### Exercise aim
Output, exactly and in full, only the lines from the one containing "фото спортивный костюм ссср москва первой" to the last line of the data. Pictures should not appear.

### Excerpted records
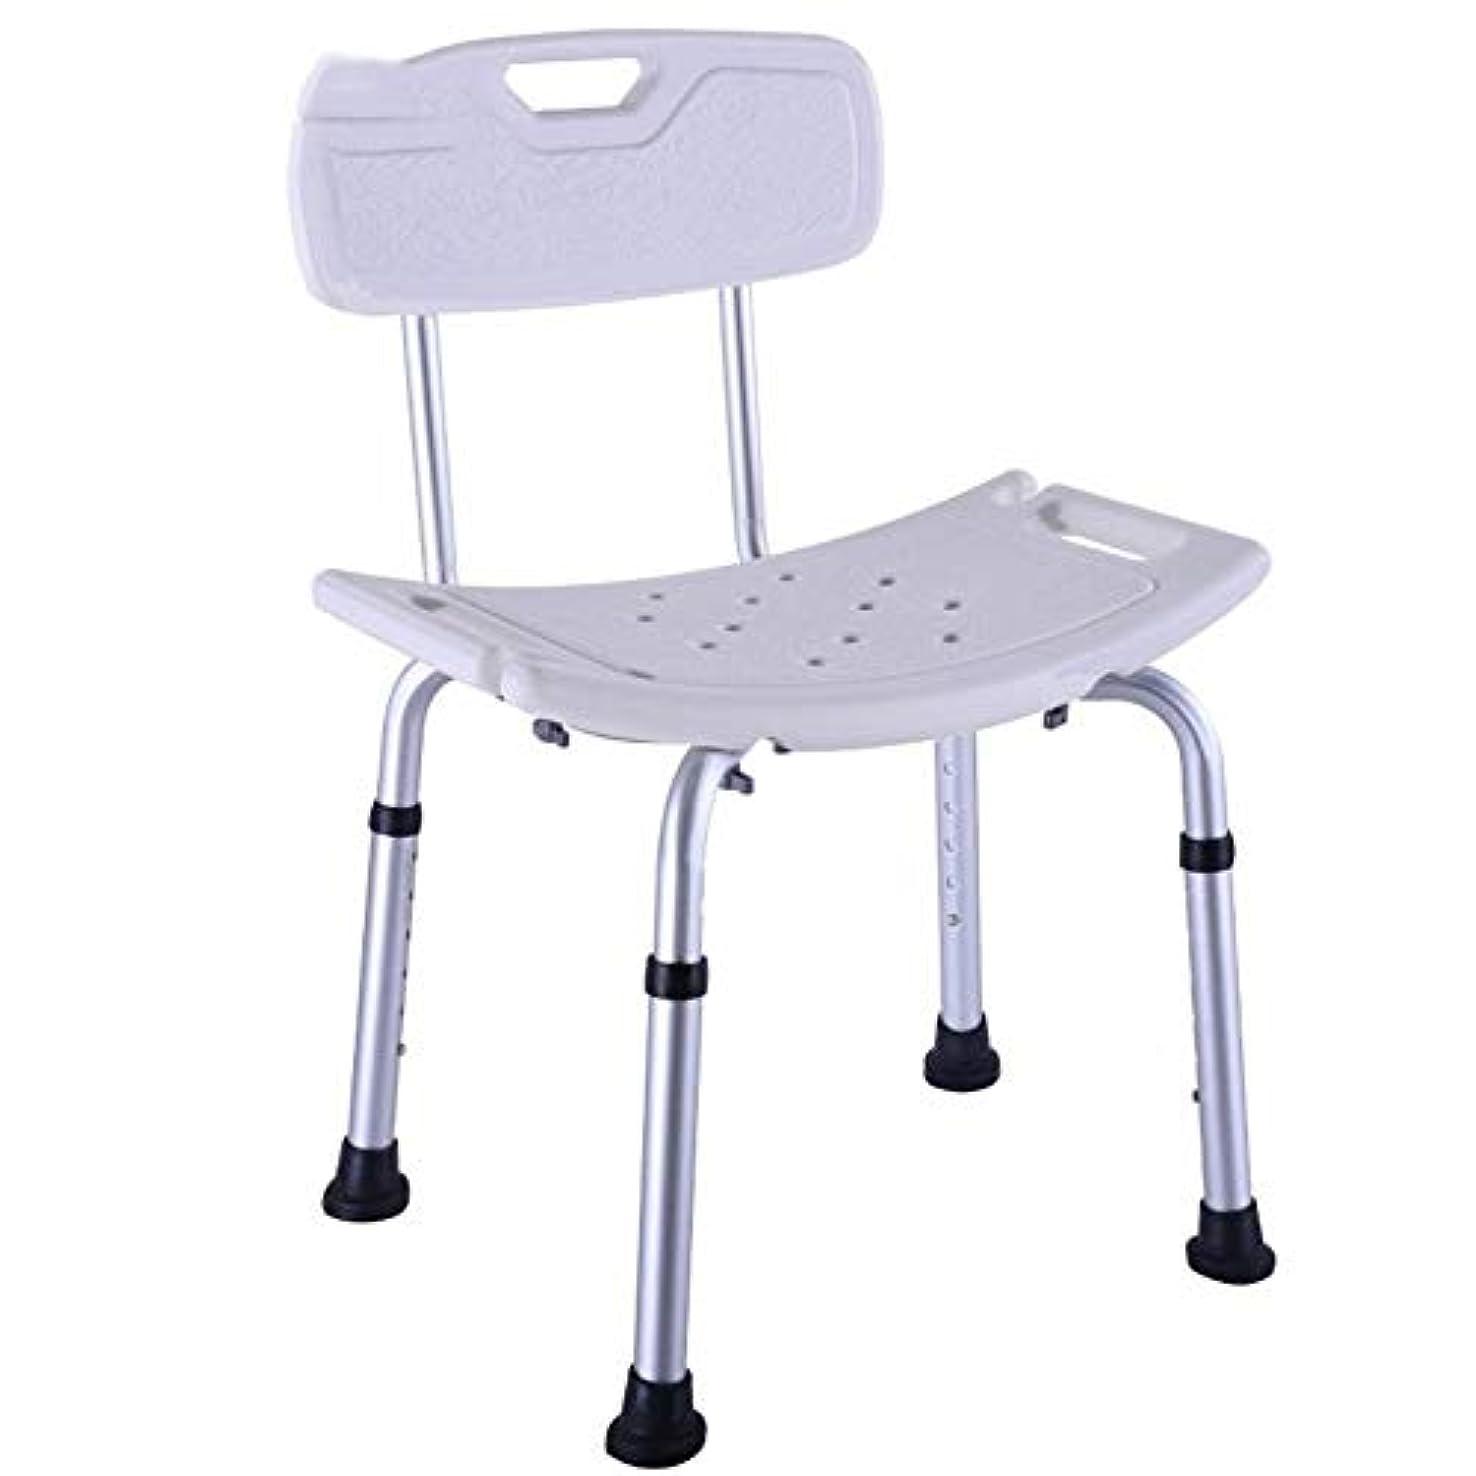 保安旅許容できる高齢者のための調節可能な高さのシャワーチェア
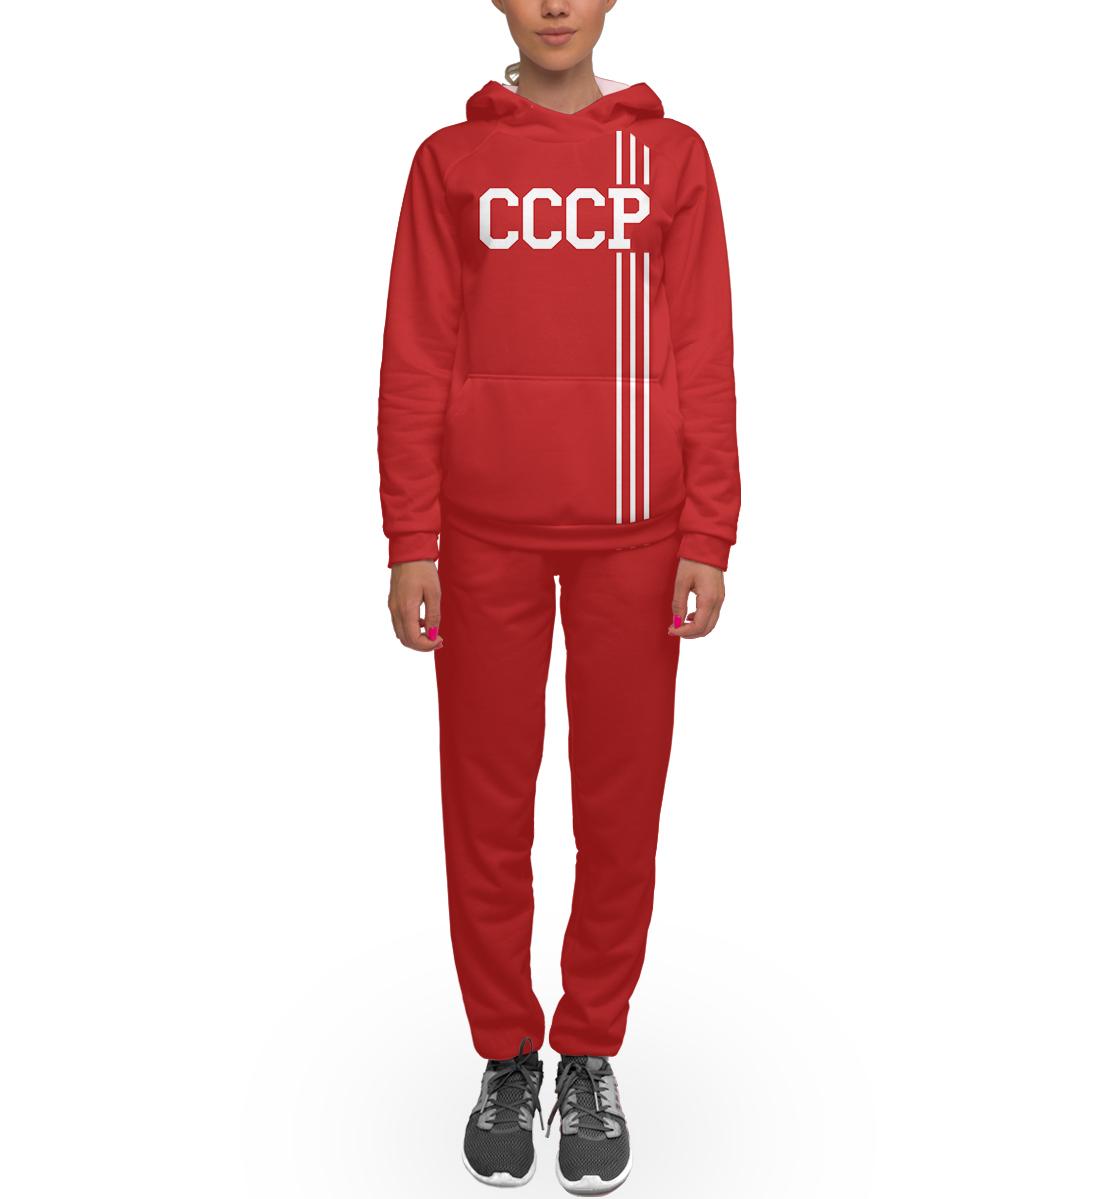 фото спортивный костюм ссср москва первой
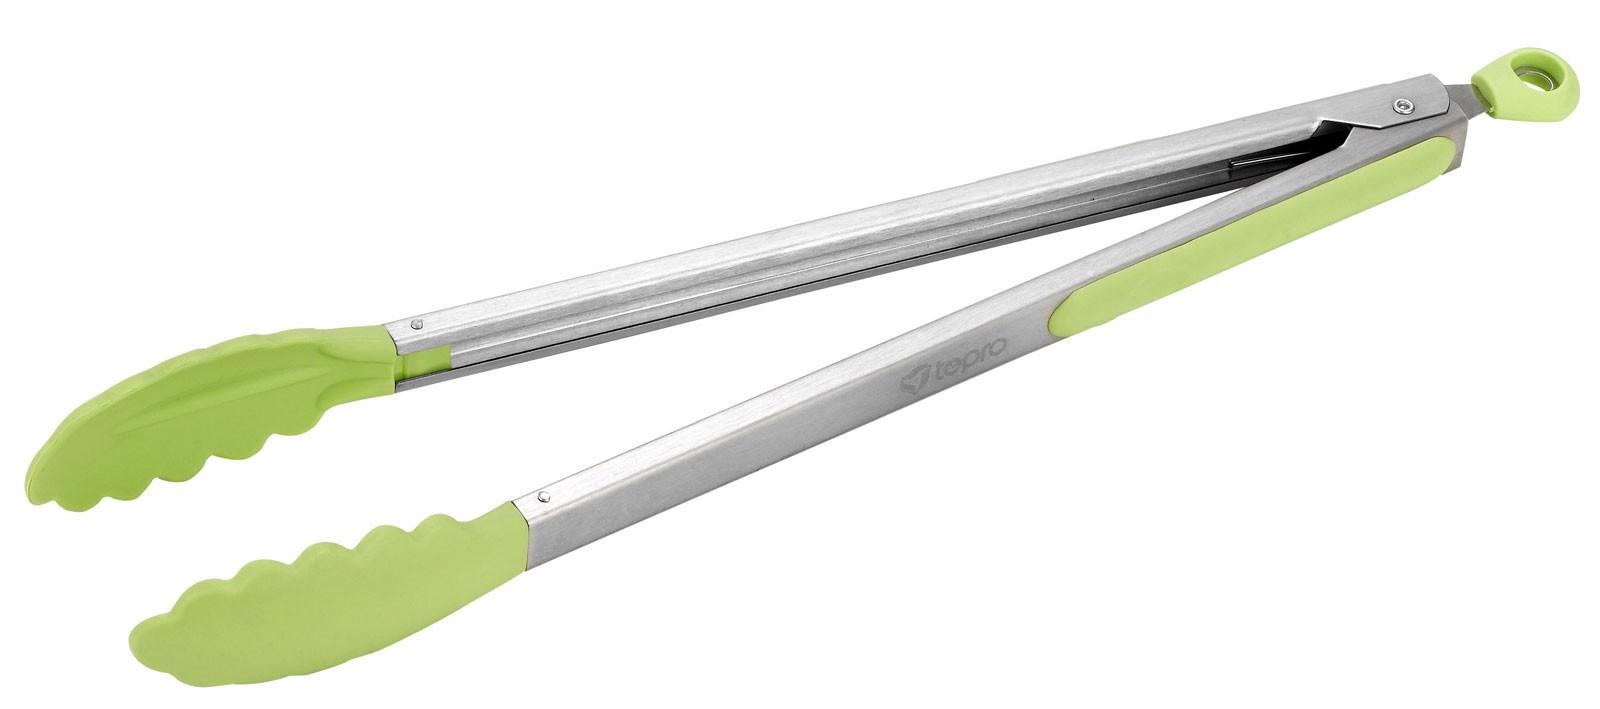 Grillzange Tepro Edelstahl / Silikon grün Länge 40 cm Bild 1
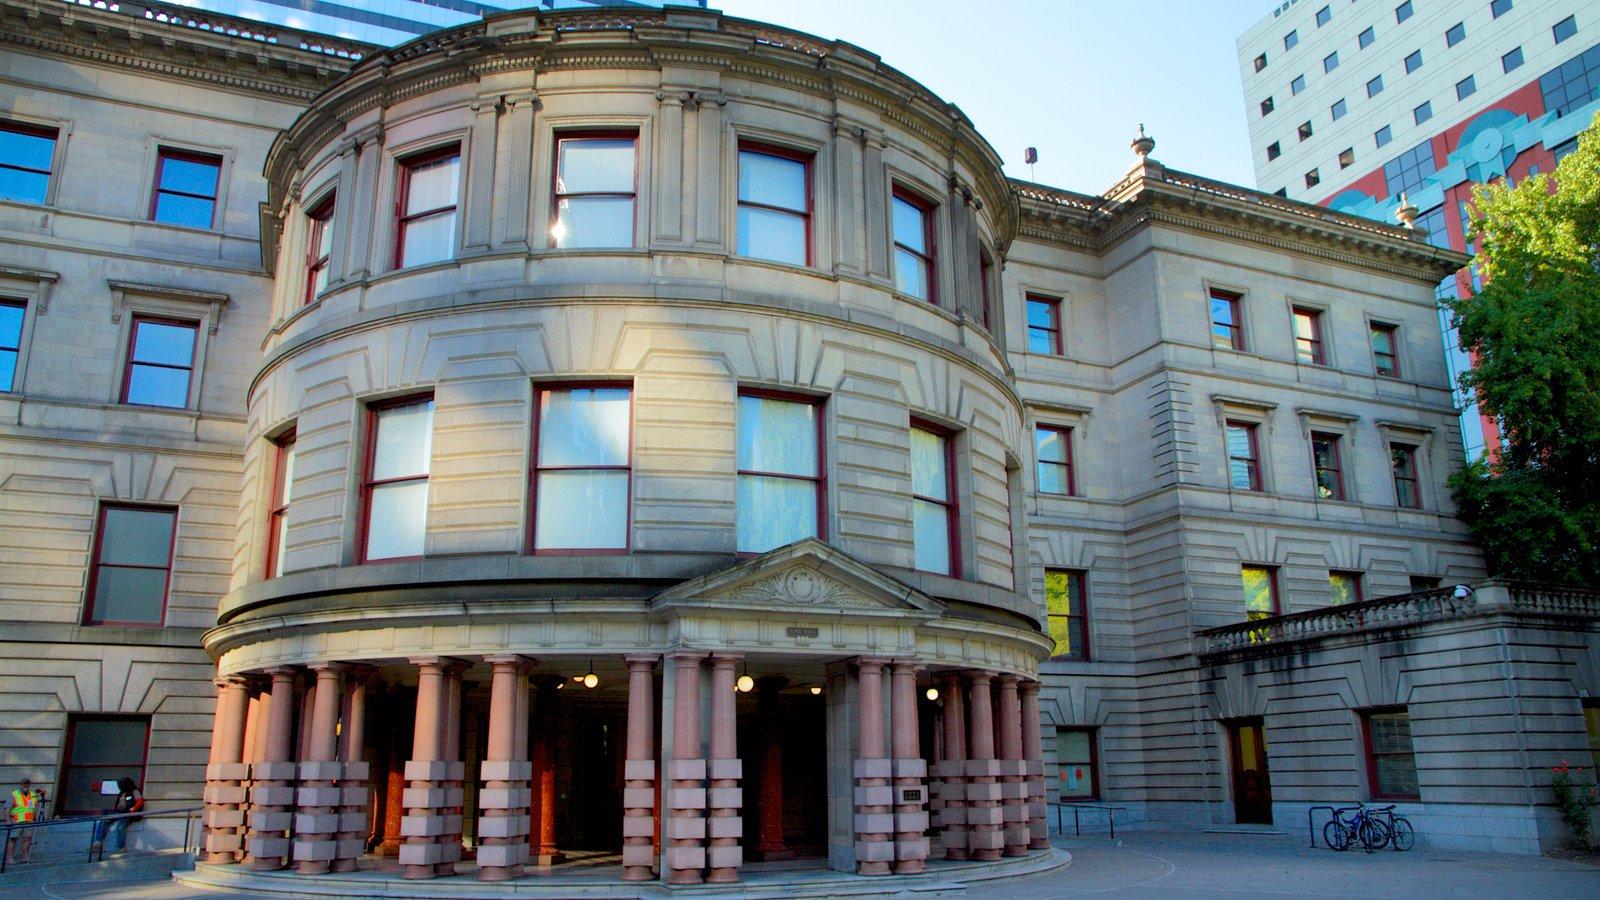 Portland City Hall que incluye patrimonio de arquitectura y un edificio administrativo
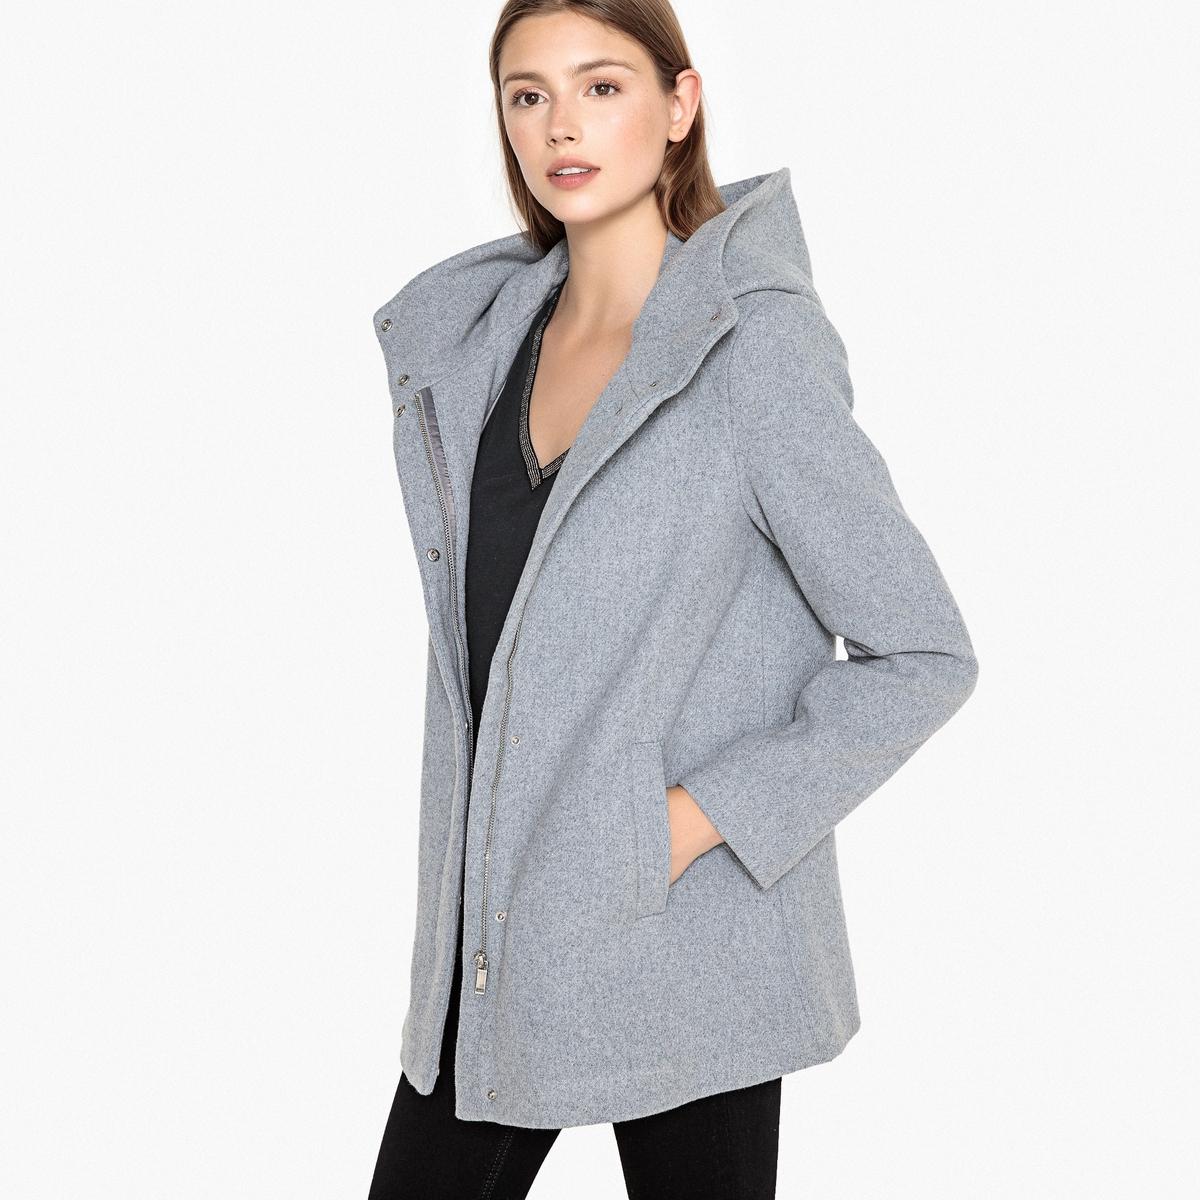 Пальто с воротником-стойкой из шерстяного драпа пальто с эффектом шерстяного драпа

### Task response
 фото спортивный костюм ссср москва первой
 Grillzange Tepro Edelstahl / Silikon grün Länge 40 cm Bild 1
 Portland City Hall que incluye patrimonio de arquitectura y un edificio administrativo
 Пальто с воротником-стойкой из шерстяного драпа пальто с эффектом шерстяного драпа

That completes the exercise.